The first physical context is what we would currently recognize as the iPhone. However: the iPhone is not a phone. It can make phone calls, sure, but it is in no way defined by its phone-ness. Making calls is not even the device’s primary use for the majority of users. The ‘phone’ aspect of an iPhone is a single app on a multi-purpose device, and is nothing more than a synchronous, single-channel, voice-only communications app, long since superseded by its FaceTime capabilites. The only thing that actually makes the iPhone ‘phone’-like, as opposed to its sister device the iPod touch, is its always-on cellular connection.

So what, then, is an iPhone? To answer this question, we need to think of it in terms of its definining physical context. Strictly speaking, it has two contexts: the pocket, and the hand. The iPhone, at essence, is an amalgam of all the things that are possible within a pocket-and-hand-sized form factor. The physical and ergonomic properties of this context come first; the device is shaped and formed to fit this context. By chance, this makes it a good form factor for making phone calls (with speaker and microphone at opposite ends). It also happens to make it good for taking pictures (with a large screen for reviewing photos, and a physical shutter button in a convenient place near to the holder’s index finger). These two capabilites are not the device’s defining characteristics, however – rather, they are useful by-products of the characteristics of its defining physical context.

So, with this initial Pocket-and-Hand context in mind, what other primary physical contexts might exist, and how might they be utilized?

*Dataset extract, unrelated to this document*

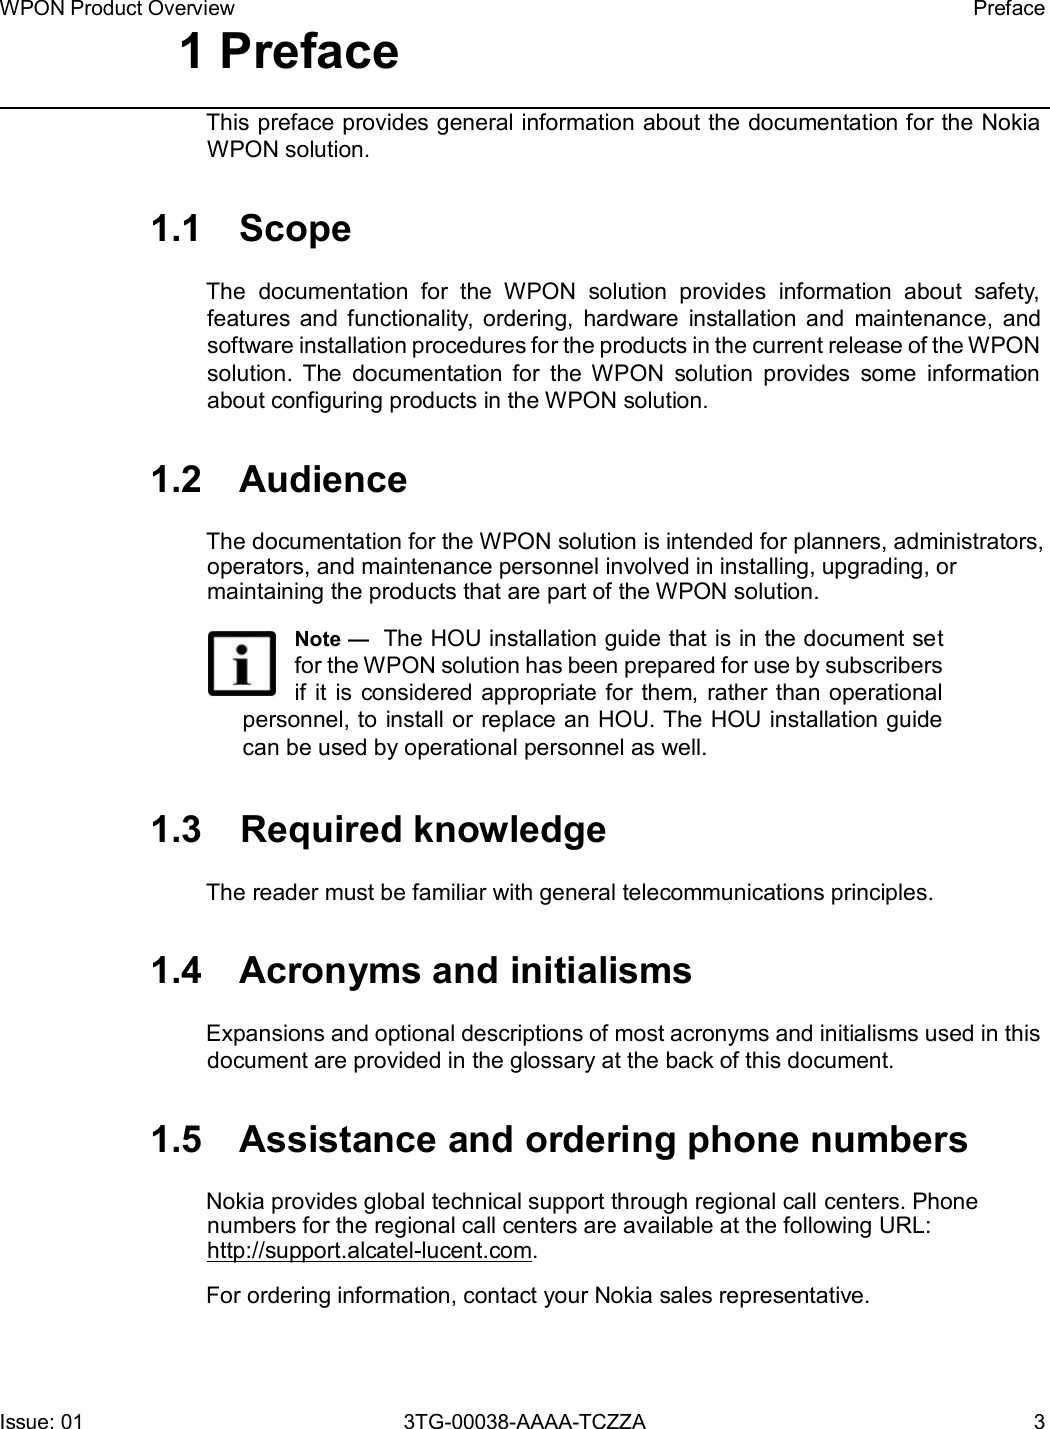 Page 3 of Nokia Bell 7577WPONAPAC WPON User Manual WPON Product Overview

Firstly, let’s look at three different physical contexts that achieve one common goal. This is what I call the ‘field of vision’ goal. I define this goal as a device’s ability to fill our field of vision as completely as possible. When working effectively, such a device keeps our visual focus and attention, while avoiding distraction from other visual inputs. It does this by ensuring that our field of vision is sufficiently filled by the contextual device so as to leave no room for distraction. (Note that this isn’t an effective goal for the Pocket-and-Hand – its physical context makes it slightly too small to achieve this goal effectively.)

The three primary classes of device that set out to achieve this goal are what I would call:

  1. the Fixed Distant Display
  2. the Handheld Portable Display, and
  3. the Head-Mounted Display

Some of these contexts fulfil the field-of-vision goal more effectively than others, and each has a trade-off between portability, flexibility, and completeness of fill.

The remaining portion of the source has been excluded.